Productivity culture feels like a rainbow unicorn fantasy.

Some would say I’m partly to blame. I love self-help and productivity. It really gets me off, if ya know what I mean, so I write about it.

On a call with Sean Kernan the other day he said “Wow, it’s early over there in Oz. You really do live the self-help life you preach.”

My face went red.

Sean doesn’t know my naughty secret … he caught me on a good day.

Anxiety as forced motivation

I’m half-crazy.

I reckon I have some undiagnosed version of OCD. When it comes to cleaning, decorating a house or putting things away, I’m Hitler.

Just ask my wife.

Until recently, the walls of my entire home were bare. I like my walls cold, gloomy, and prison-like. My poor wife. Only in the last few months has she finally been able to convince me to hang a family photo or two.

It felt like watching a cute puppy dog burn in a bonfire.

But I got over it.

When it comes to a to-do list things get a little nuts. Most people assign tasks to other people and allow a few days. I tend to follow up on other people’s tasks a few hours later. This is a bad habit I’m slowly breaking.

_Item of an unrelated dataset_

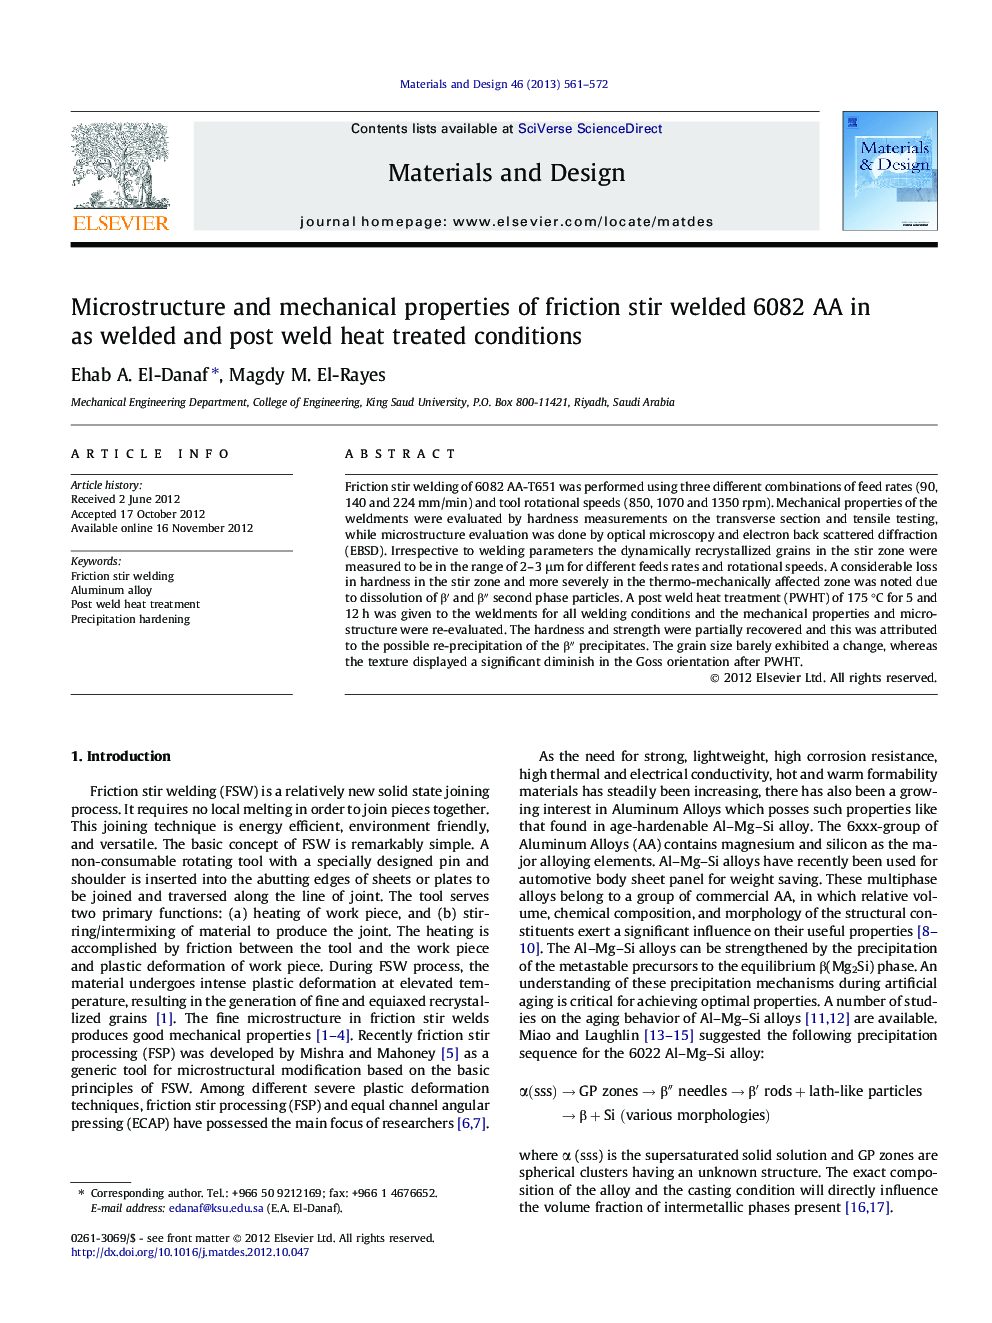 Microstructure and mechanical properties of friction stir welded 6082 AA in as welded and post weld heat treated conditions

This mindset comes from the leftovers that mental illness gifted me. Whether I like it or not, I have some level of anxiety. It’s a healthy form of anxiety because it gives me free motivation.

Anxiety isn’t for everyone though. It can quickly become a debilitating disease that drives everything you do in an unhealthy way. That’s why I monitor mine closely.

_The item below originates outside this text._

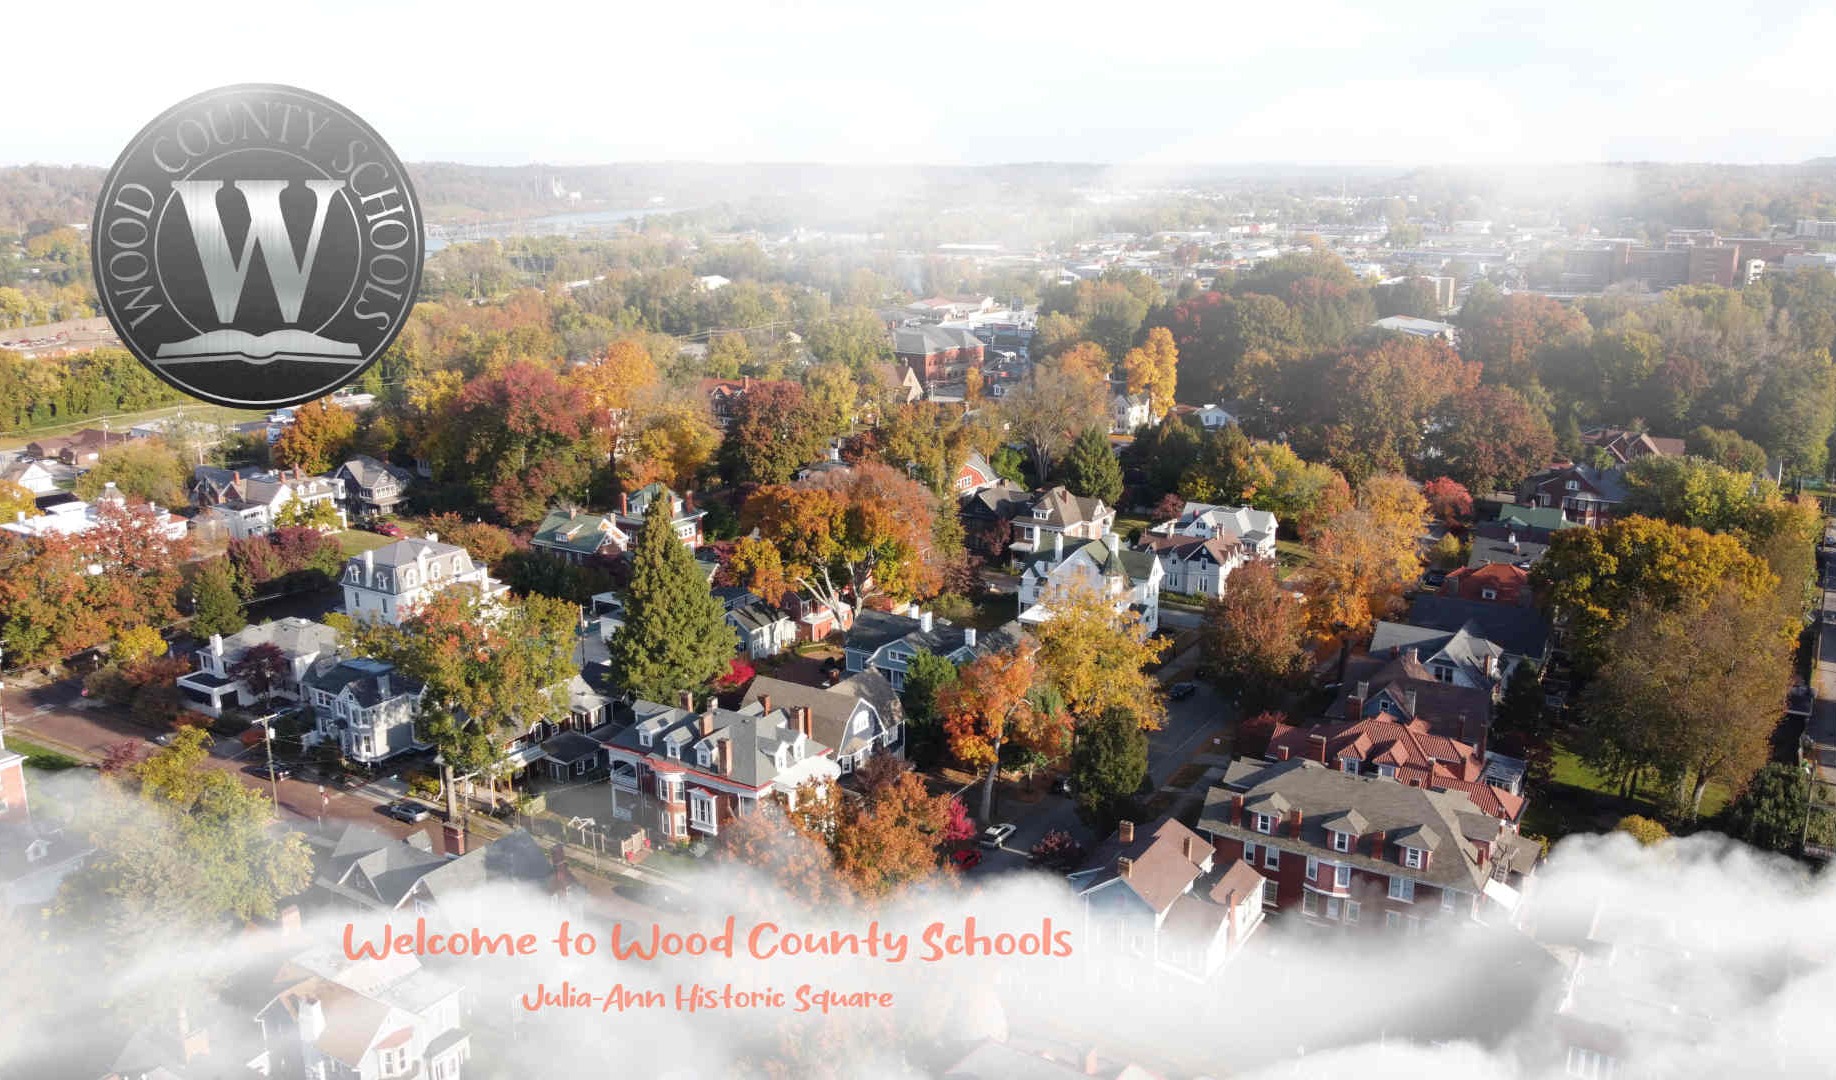 welcome to wcs - aerial view of julia-ann square in autumn with autumn-colored trees

These are my nine uncommon productivity shortcuts.

1. Throw an ax at your to-do list

A good productivity nerd has a to-do list.

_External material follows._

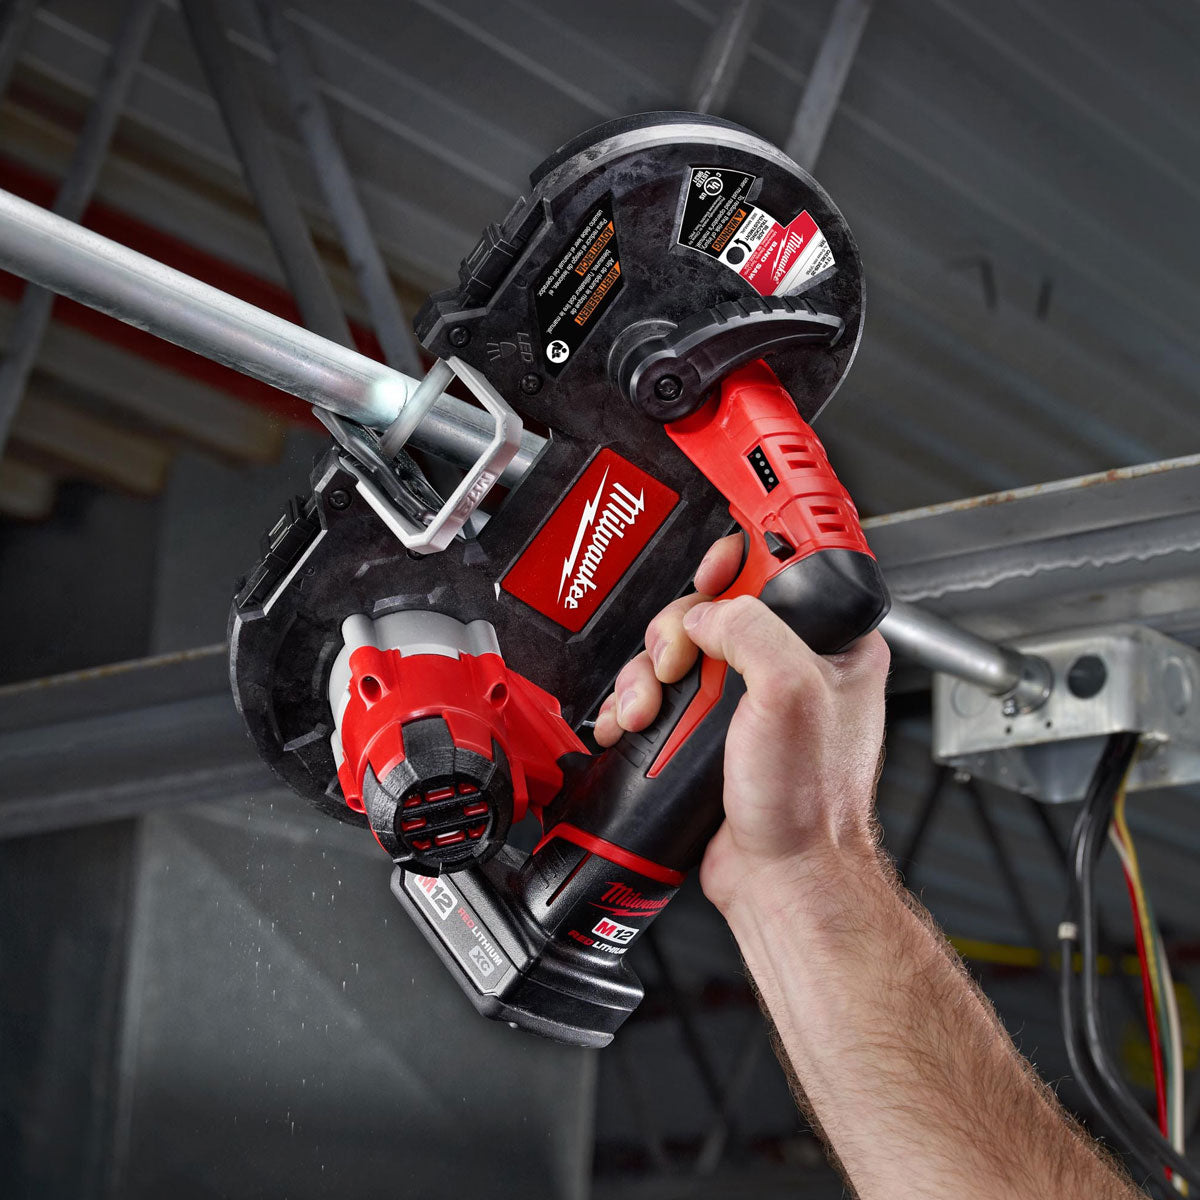 Milwaukee M12BS-0 12V Sub Compact Bandsaw with 1 x 4.0Ah Battery & Charger

Even lazy sons of guns have a functioning calendar to help them know what needs to get done every day.

People like us tend to add too many items to our to-do lists. Mine needs a good chop, daily. Yes, we’re somewhat optimistic about life, but that has one huge downside: we think we can achieve everything.

So our to-do lists become a mile long.

A shortcut that works for me is to intentionally cut things off my to-list. I feel great when I do and get a nice dopamine spike.

Sometimes those tasks go in the bin. Other times I add them to a master to-do list that’s out of sight, out of mind. The lie is “one day when I have time I’ll get to these.” Most of the time I never do, although yesterday my “do taxes” forgotten task finally progressed because I had spare time.

But mostly, this master to-do list is a p*rn fantasy. Good. Create one.

2. Never break this rule

I become a Karen if I don’t sleep enough.

(And guess what Timbo … with a baby on the way you ain’t gonna get a good night’s sleep for a few years.)

That’s why I’m about to go off course. The productivity gods with their Seneca tweets are gonna block me. I could become one angry bastard, just warning you. But it’s all for a good cause: my daughter.

Sometimes what you have to give up brings an even greater reward. Oh, and I don’t have a quiet productivity baby either who will read James Clear. She currently uses my wife’s belly as a punching bag. She karate kicks too.

Bruce Lee would be proud.

But this daddy knows she’s going to be a lot to handle. The sexy Apple calendar with even blocks of productive time could get thrown out the window when she arrives and says “hello f*ckers.” Gorgeous.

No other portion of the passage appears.